There isn’t any proof Galileo ever uttered this. The phrase isn’t present in any work of Galileo, nor attested by anybody who knew him or any eyewitnesses to his trial. Nor do the earliest biographies written after Galileo’s loss of life point out it. It isn’t attested till 1757 in a ebook by Giuseppe Baretti known as Italian Library. Baretti wrote:

The second he was set at liberty, he regarded as much as the sky and all the way down to the bottom, and, stamping along with his foot, in a contemplative temper, mentioned, Eppur si muove, that’s, nonetheless it strikes, that means the Earth.[3]

It is unclear the place Baretti bought his info, however the ebook is filled with many different falsehoods (that Galileo was imprisoned for six years by the Inquisition, that he was tortured, and so forth). Printed, because it was, 125 years after the trial, this might hardly have been first-hand info. It was seemingly a literary embellishment on the a part of Baretti.

The phrase was additionally found on a portrait of Galileo that some attribute to the seventeenth century Spanish artist Bartolomé Esteban Murillo, however there’s appreciable controversy in regards to the work, with many claiming it dates from the nineteenth century.

Whatever the origin of the phrase, there isn’t a proof it was uttered by Galileo.

Myth 5: Galileo Was Imprisoned

The Murillo portray talked about above depicts Galileo in a dank jail cell, a captive of the merciless Inquisition.

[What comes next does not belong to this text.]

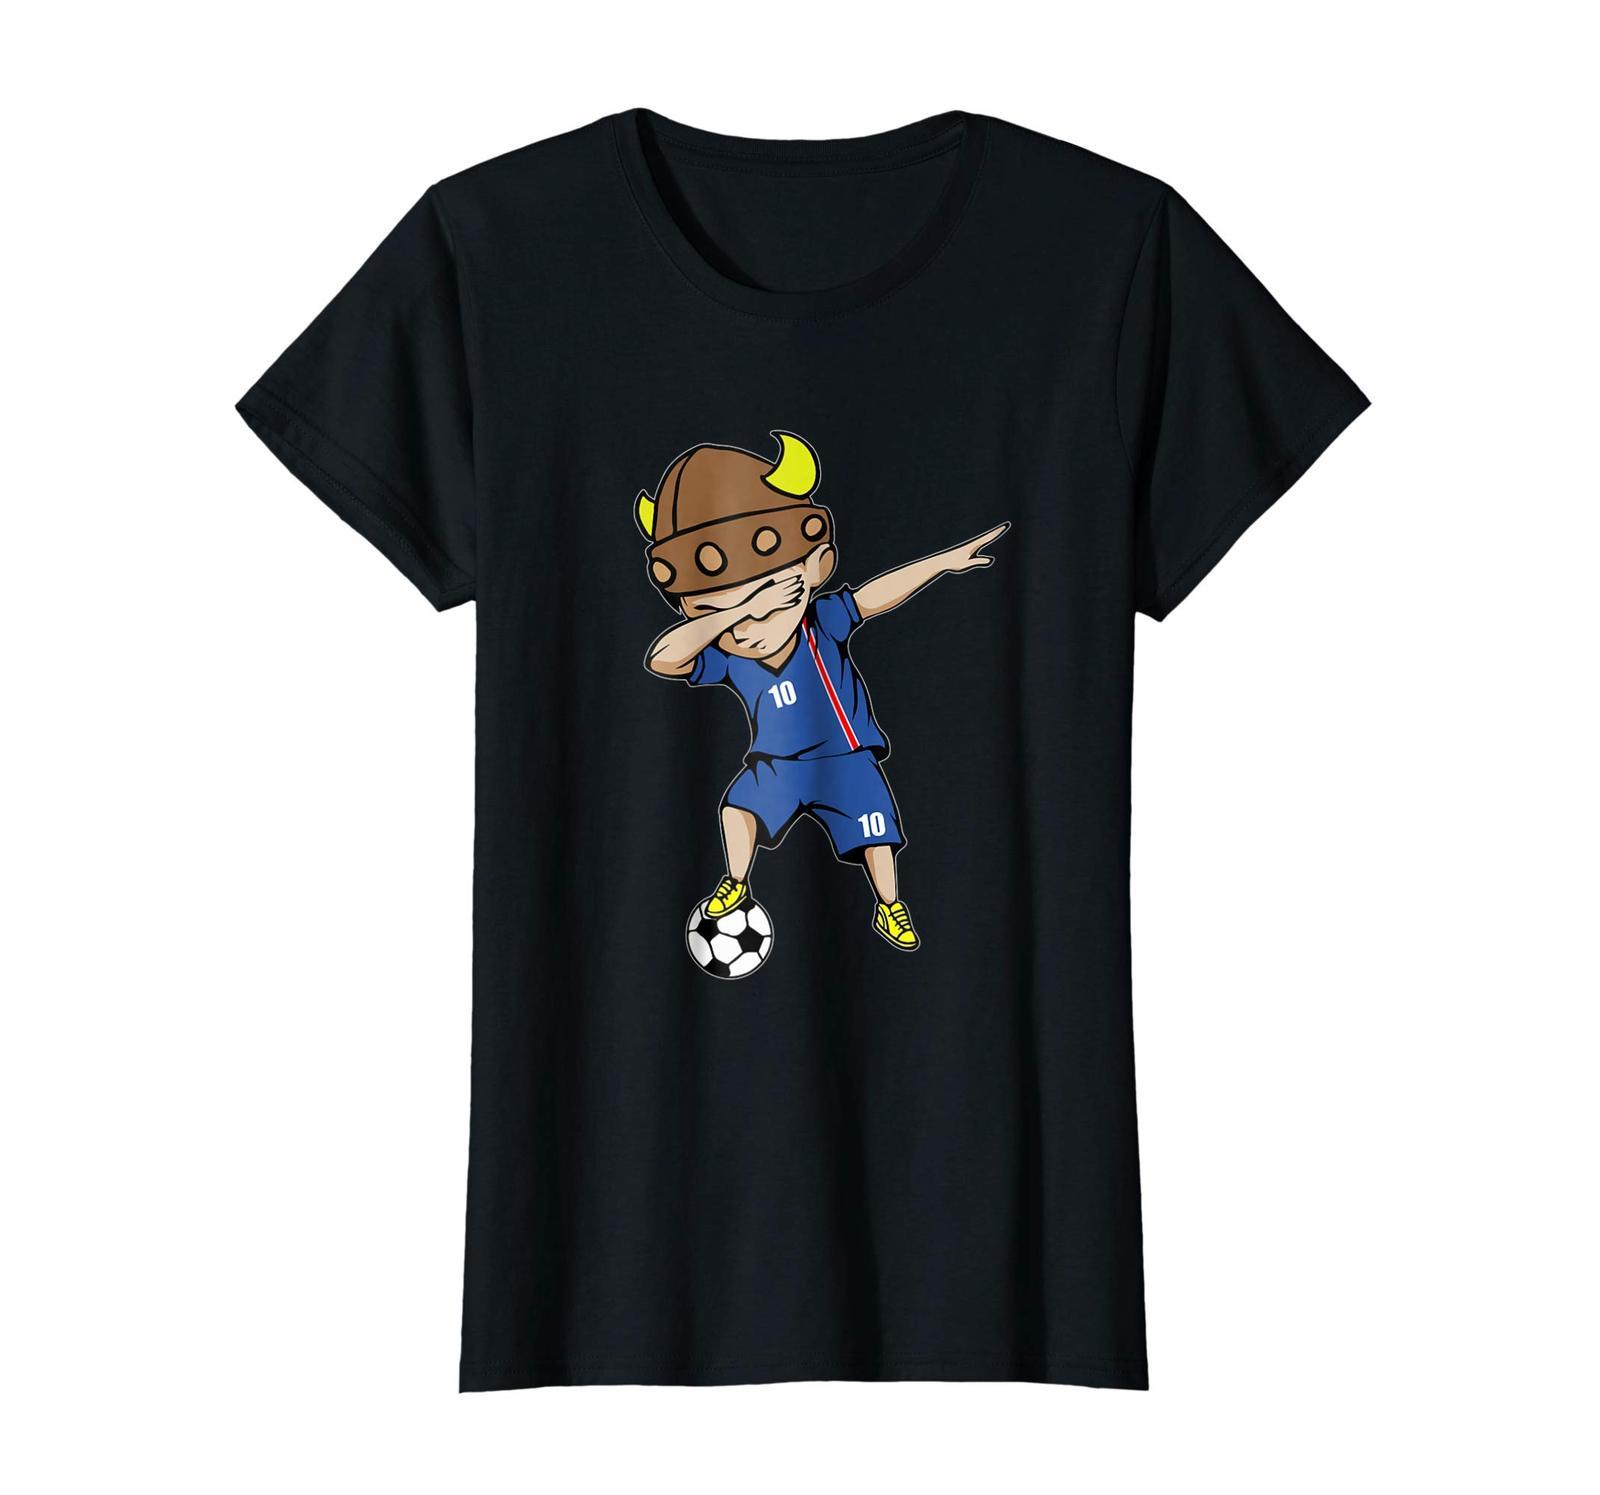 Sport Shirts - Dabbing Soccer Boy Iceland Jersey T-Shirt - Number 10 Tees Wowen

Galileo was by no means imprisoned by the Inquisition, nevertheless. During his trial he was lodged in spacious flats in Rome. It is true that his preliminary trial sentence was life imprisonment, however this was instantly commuted to deal with arrest with the order to hope the penitential psalms as soon as per week for 3 years.

Galileo spent the remainder of his life in Florence beneath home arrest, however we should always not think about this as analogous to deal with arrest right now, the place an offender should actually keep indoors banded with an digital tether. Galileo lived in an expensive villa in Florence, so he was definitely not subsisting in a poor state. Furthermore, he was not prohibited from transferring about his hometown, staying with mates, or residing a standard life. “House arrest” basically meant he was to not go away Florence. Given that Galileo was already aged (he was 69 years outdated on the time of his trial), how a lot touring overseas did he actually intend to do anyway?


The battle between Galileo and the Church was unlucky. The Church was ever Europe’s most devoted patron of science; that it ought to have a dispute with one in every of Europe’s most sensible scientists is tragic. But we’d like not make extra of the affair than it was. Galileo was no sufferer of clerical authoritarianism, nor was his concept resisted due to ignorant spiritual fundamentalism. The fact of the Galileo case is considerably much less thrilling than we now have been led to consider.

[1] James Hannam, The Genesis of Science (Washington D.C: Regnery Publishing, 2011), 318

[2] Ibid, 319

[3] Giuseppe Baretti, The Italian Library, in The Strand (London, 1757), pg. 52

Image: Galileo Before the Holy Office by Joseph-Nicolas Robert-Fleury, 1847. Public area.